Requirement
Look below for the line that contains "Startling Stories - City" and the line that contains "Commentary by Lt.", then restate both of them and every line in between, exactly. No picture goes in the copy.

Records for this task
= Beginning of Section =
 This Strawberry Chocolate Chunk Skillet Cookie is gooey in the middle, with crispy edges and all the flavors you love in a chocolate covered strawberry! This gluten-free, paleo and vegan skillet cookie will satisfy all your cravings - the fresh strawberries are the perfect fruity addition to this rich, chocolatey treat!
= End of Section =
= Beginning of Section =
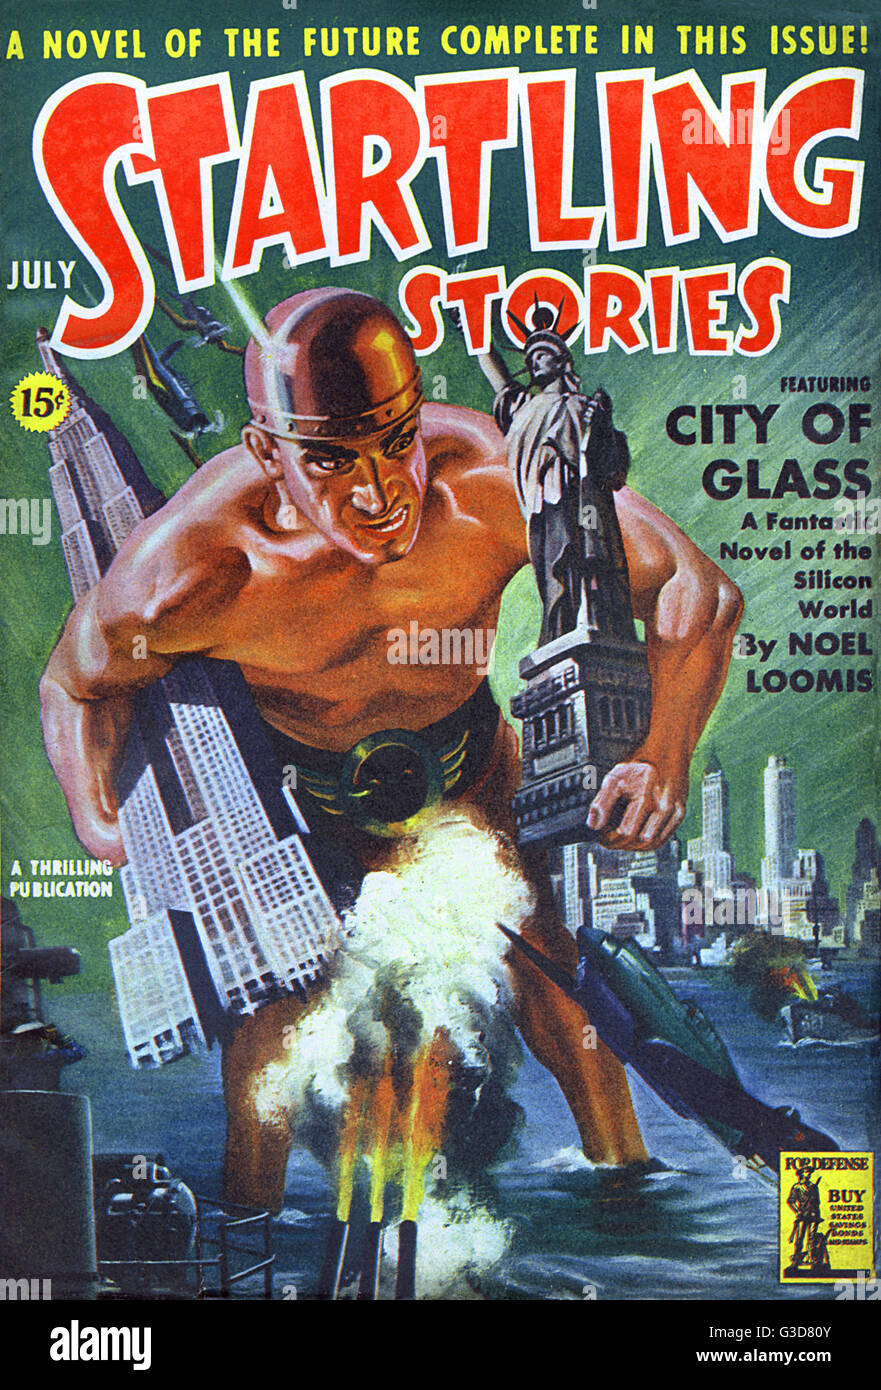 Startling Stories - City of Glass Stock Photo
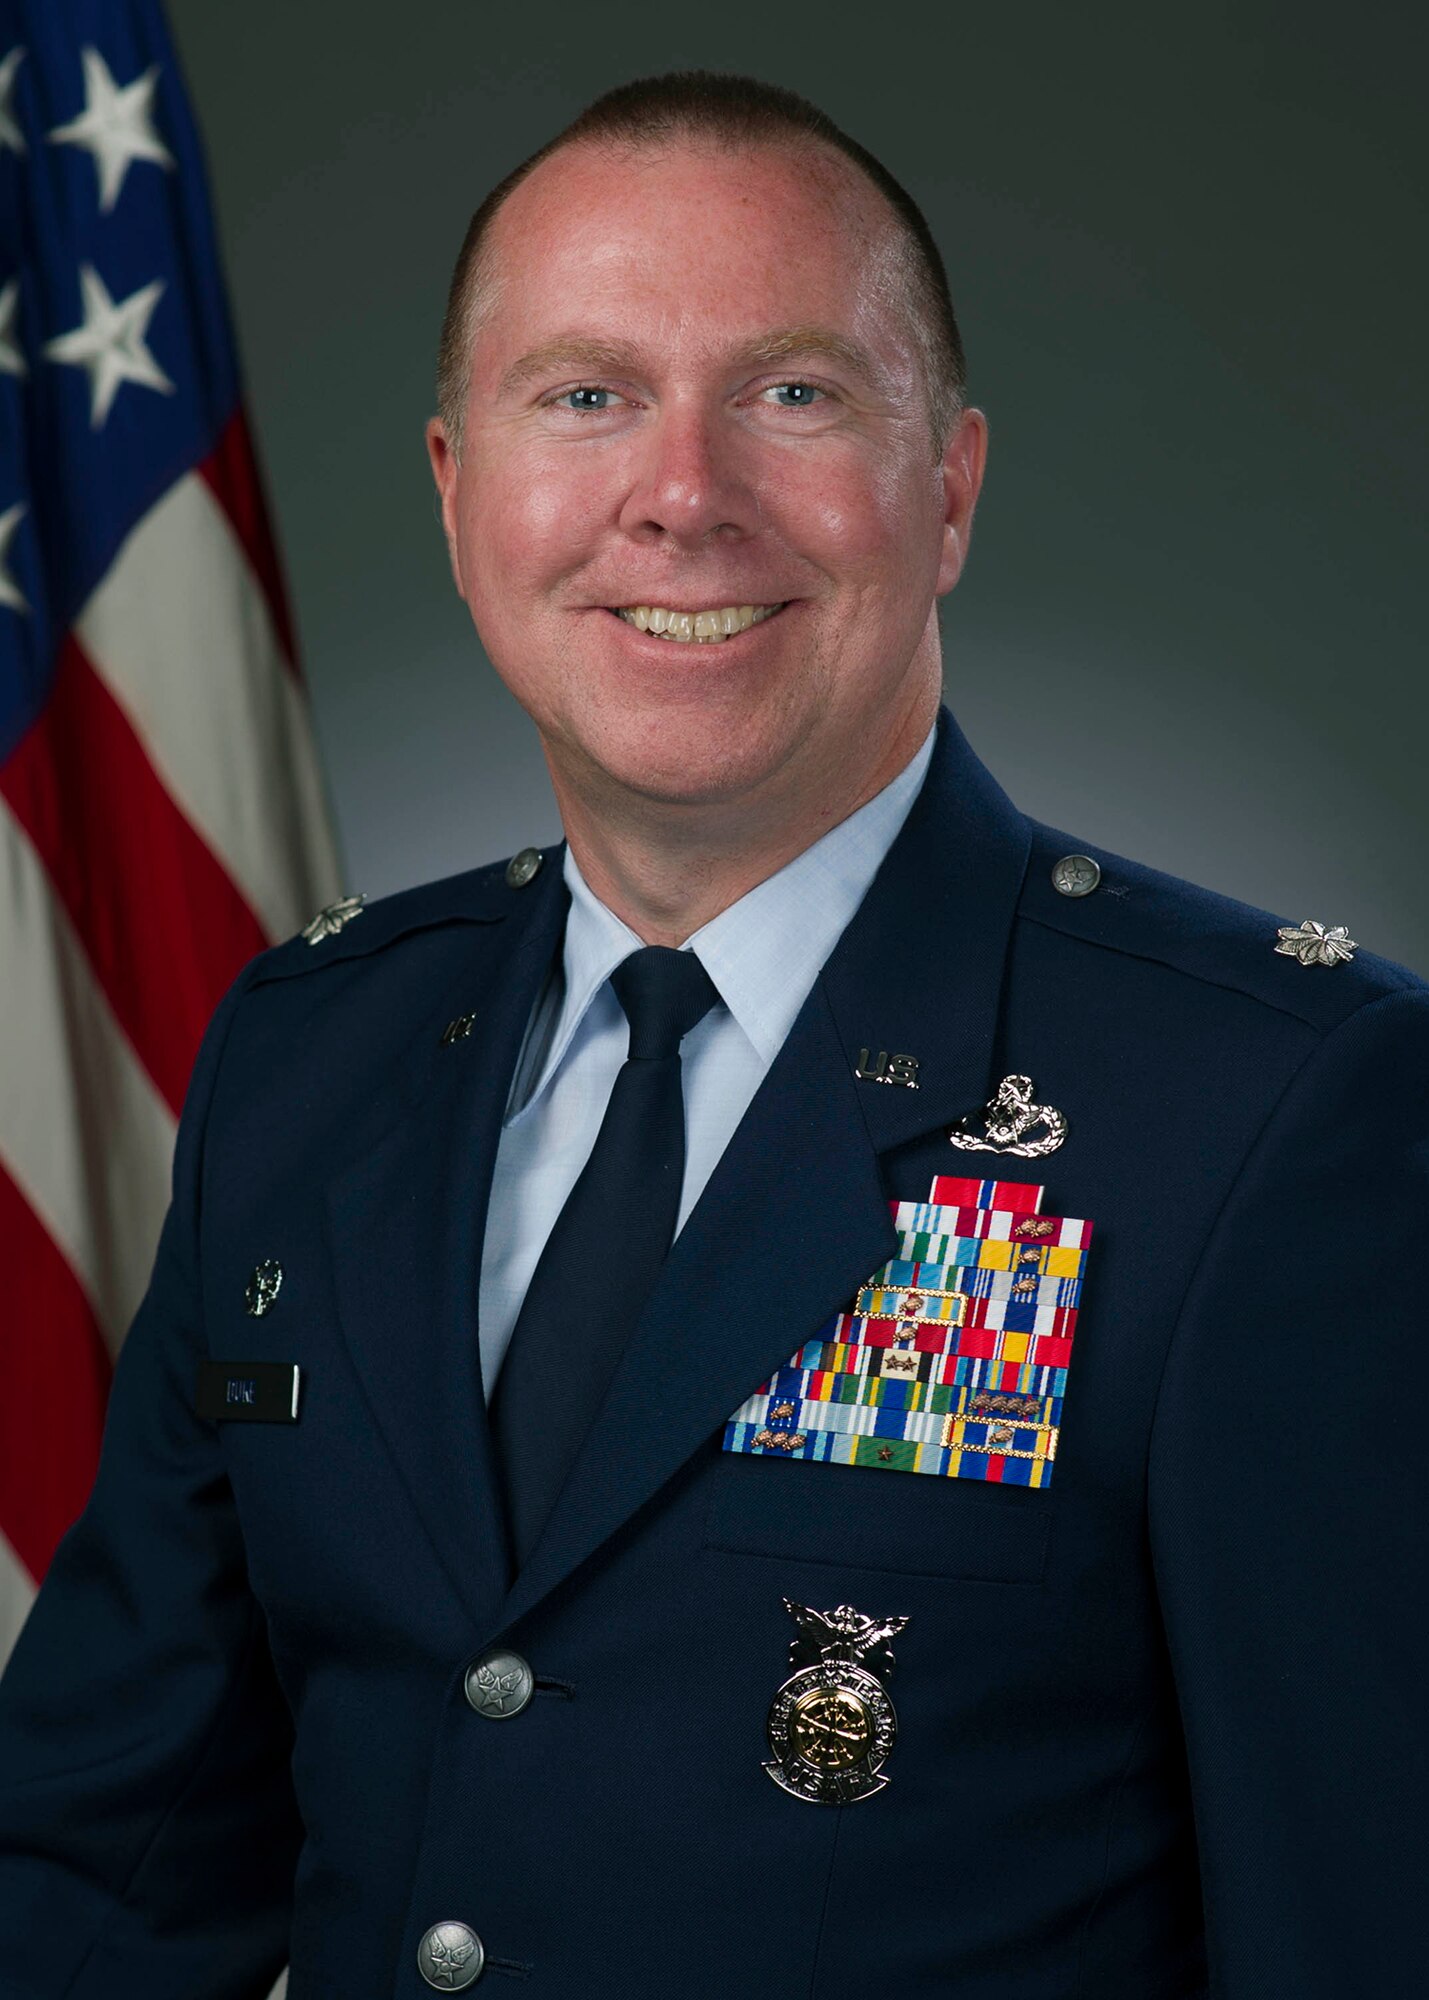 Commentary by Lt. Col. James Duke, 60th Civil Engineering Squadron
= End of Section =
= Beginning of Section =
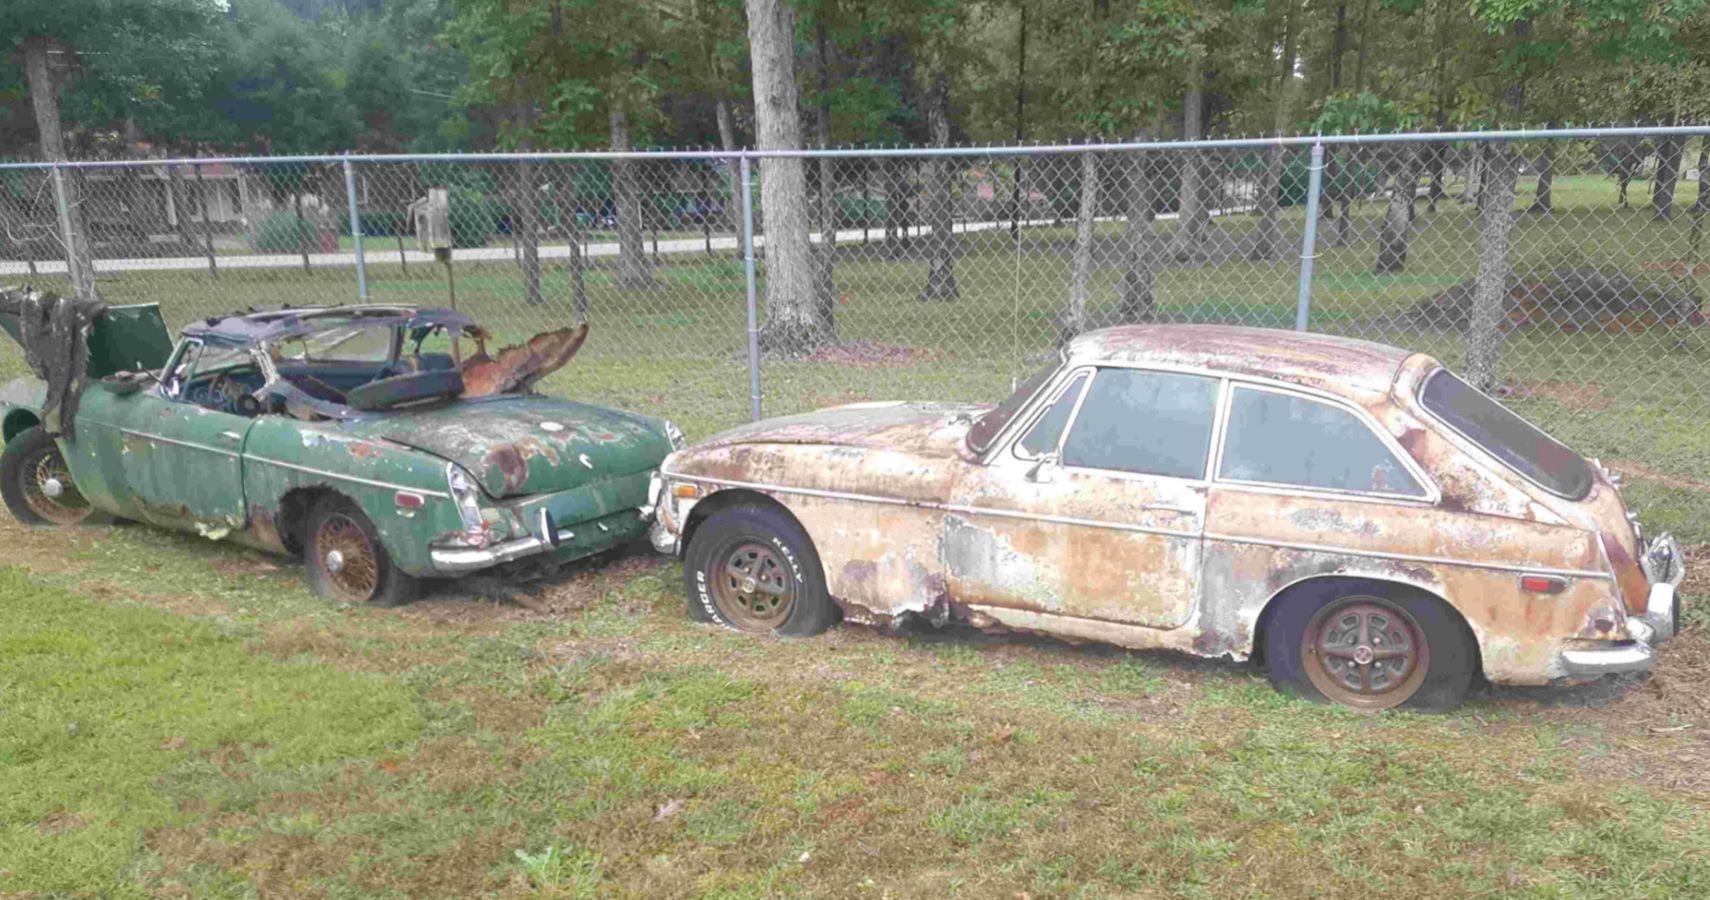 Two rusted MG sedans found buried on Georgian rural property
= End of Section =
Task answer
 Startling Stories - City of Glass Stock Photo
 Commentary by Lt. Col. James Duke, 60th Civil Engineering Squadron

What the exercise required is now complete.